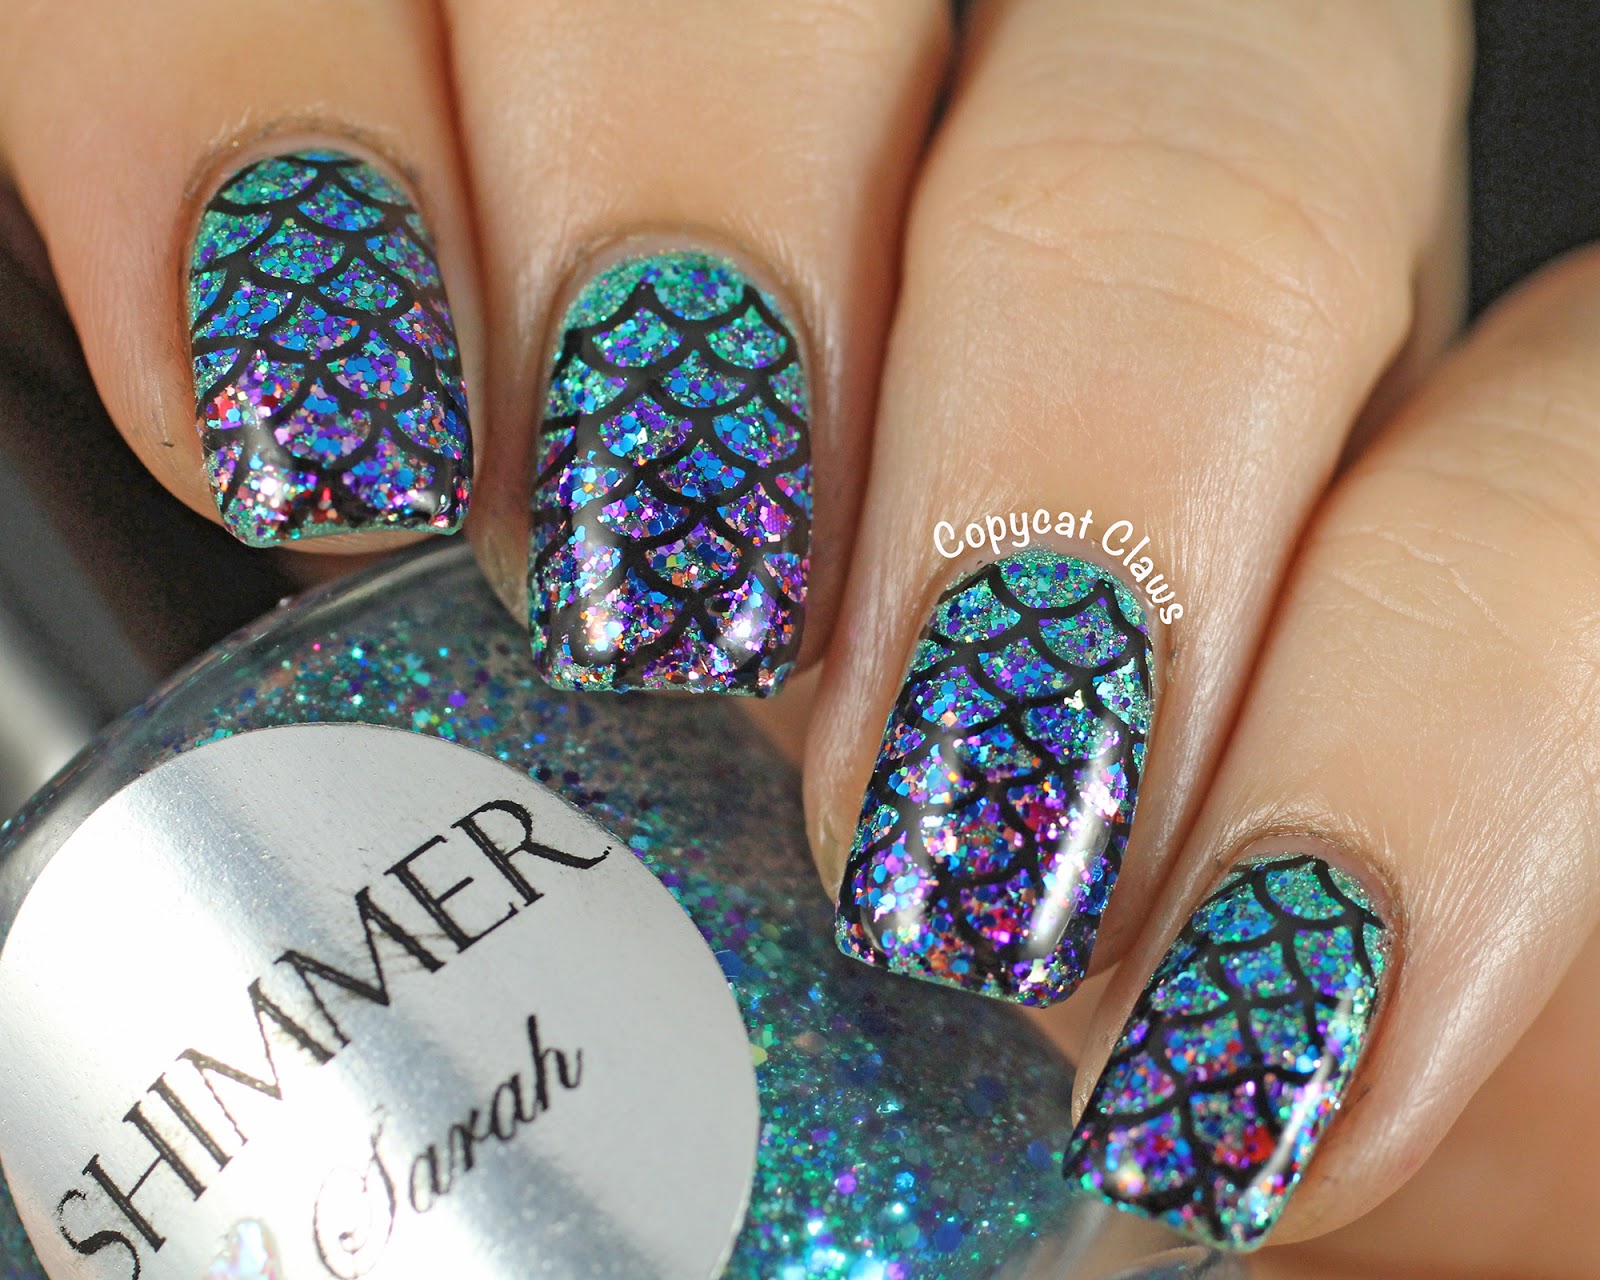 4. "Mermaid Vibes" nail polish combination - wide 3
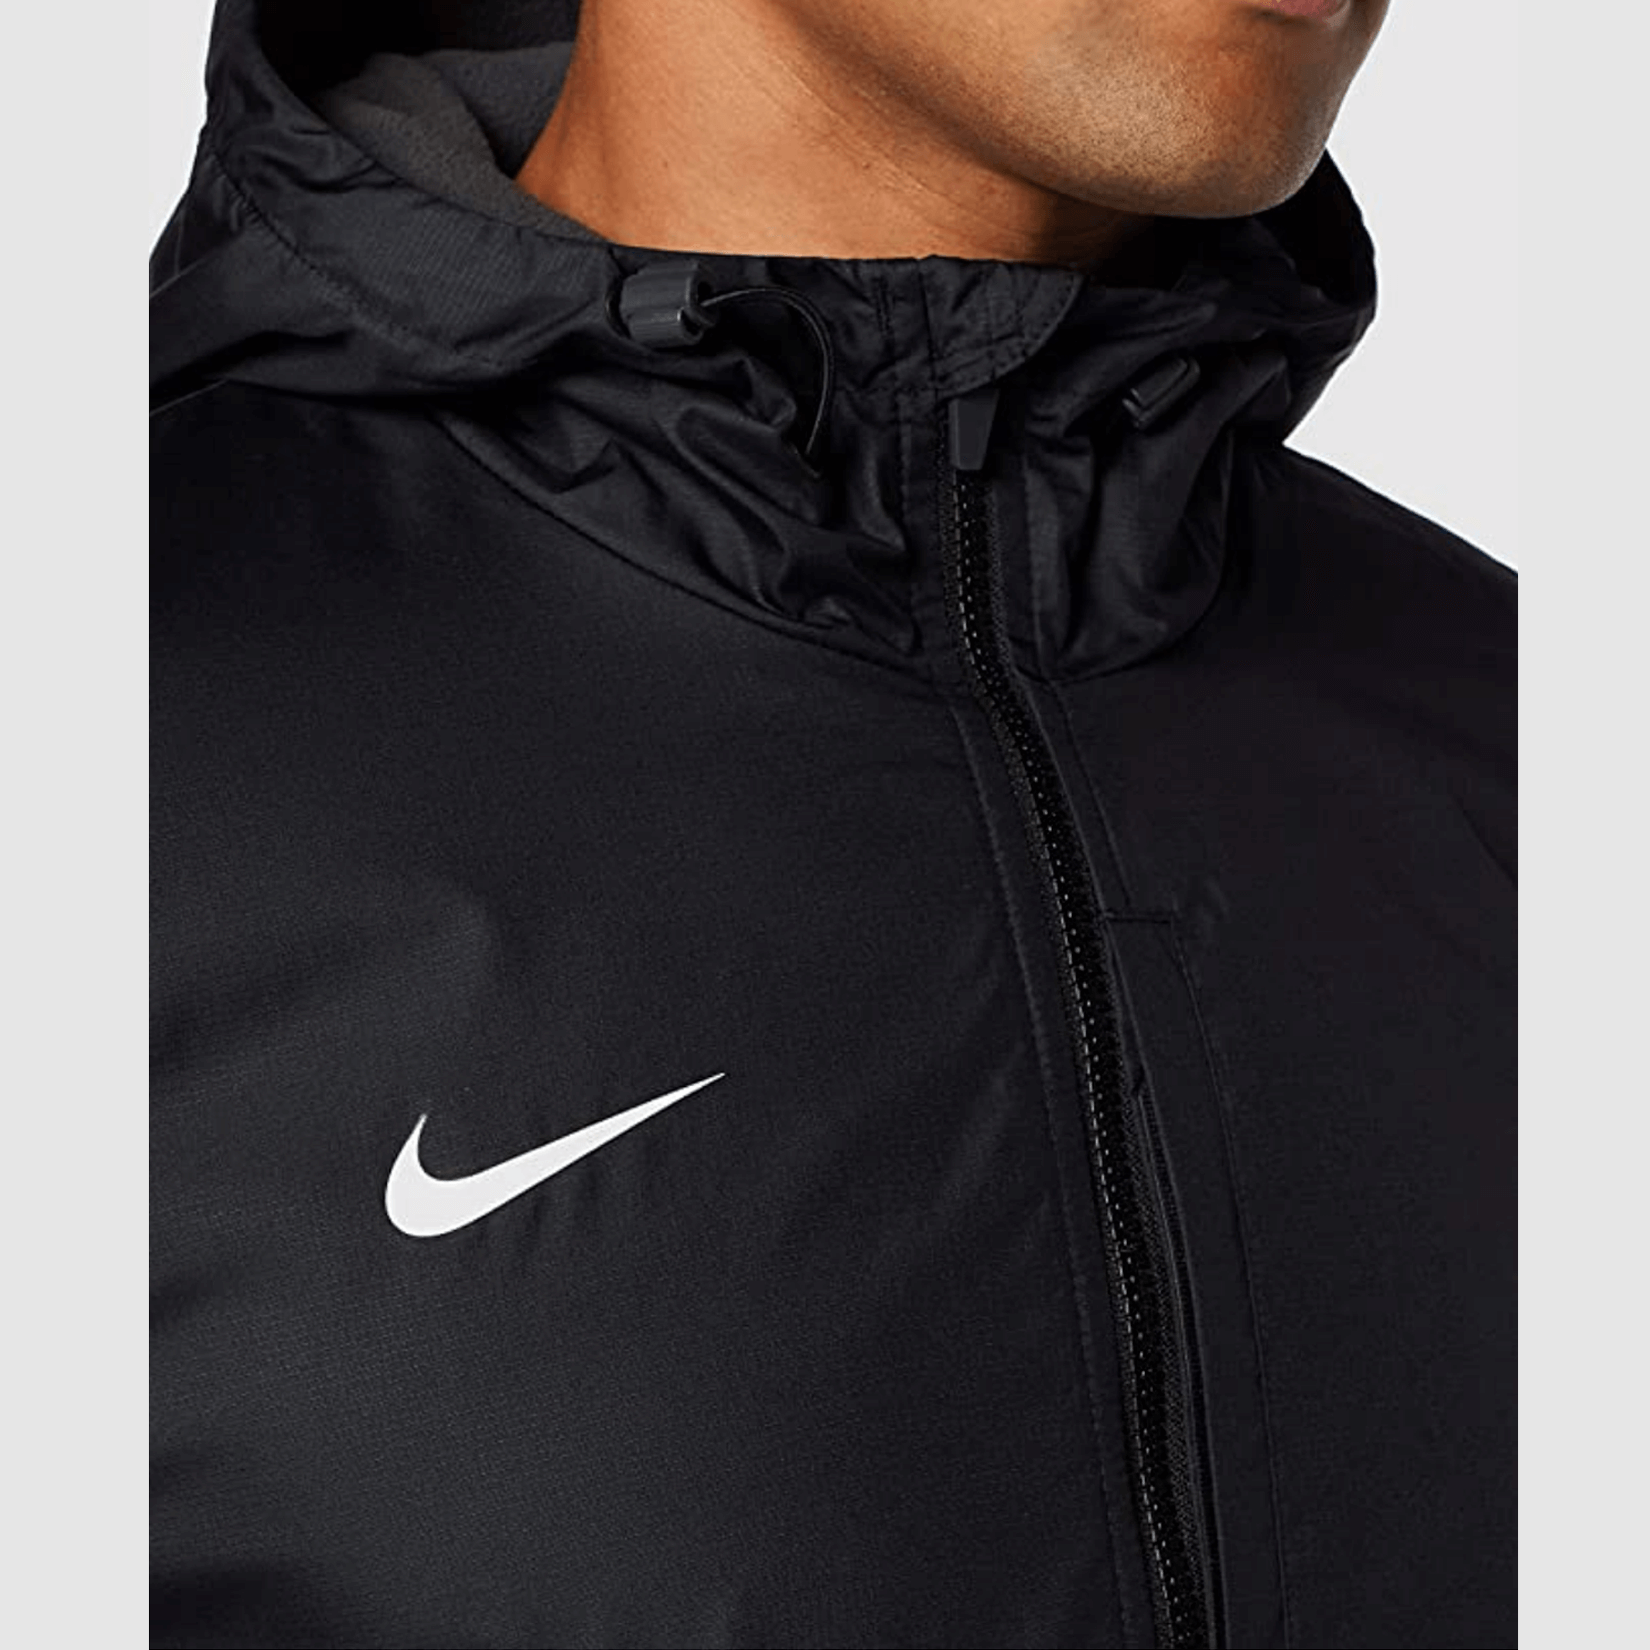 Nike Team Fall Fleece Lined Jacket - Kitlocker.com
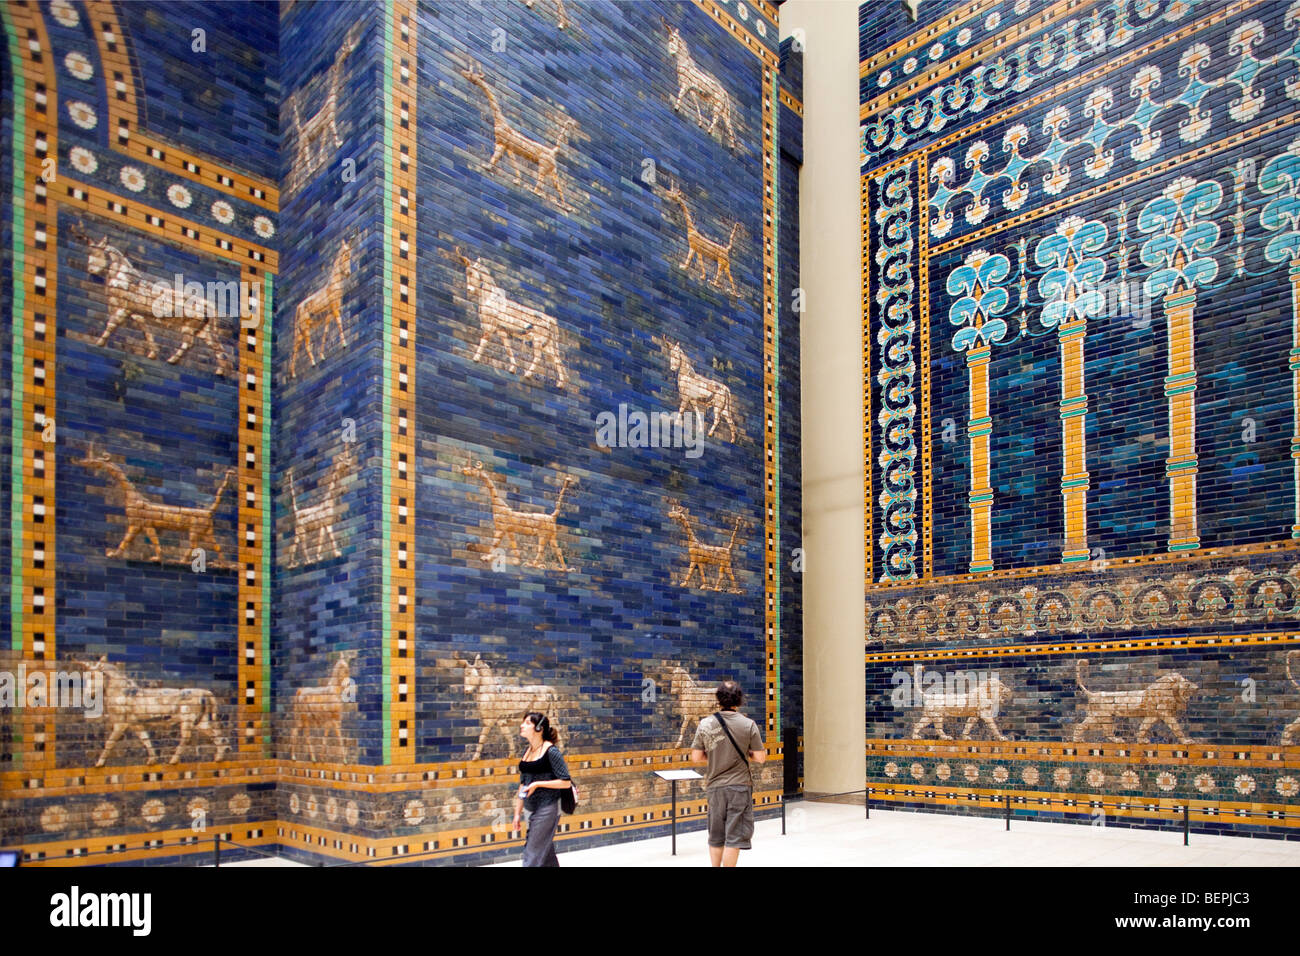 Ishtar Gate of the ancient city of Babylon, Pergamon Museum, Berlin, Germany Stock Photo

+++

WORK ITEM: Extract exactly the lines above from the line containing "Nike Team Fall" through the last one, both ends included, but not the pictures.

RESULT:
 Nike Team Fall Fleece Lined Jacket - Kitlocker.com
 Ishtar Gate of the ancient city of Babylon, Pergamon Museum, Berlin, Germany Stock Photo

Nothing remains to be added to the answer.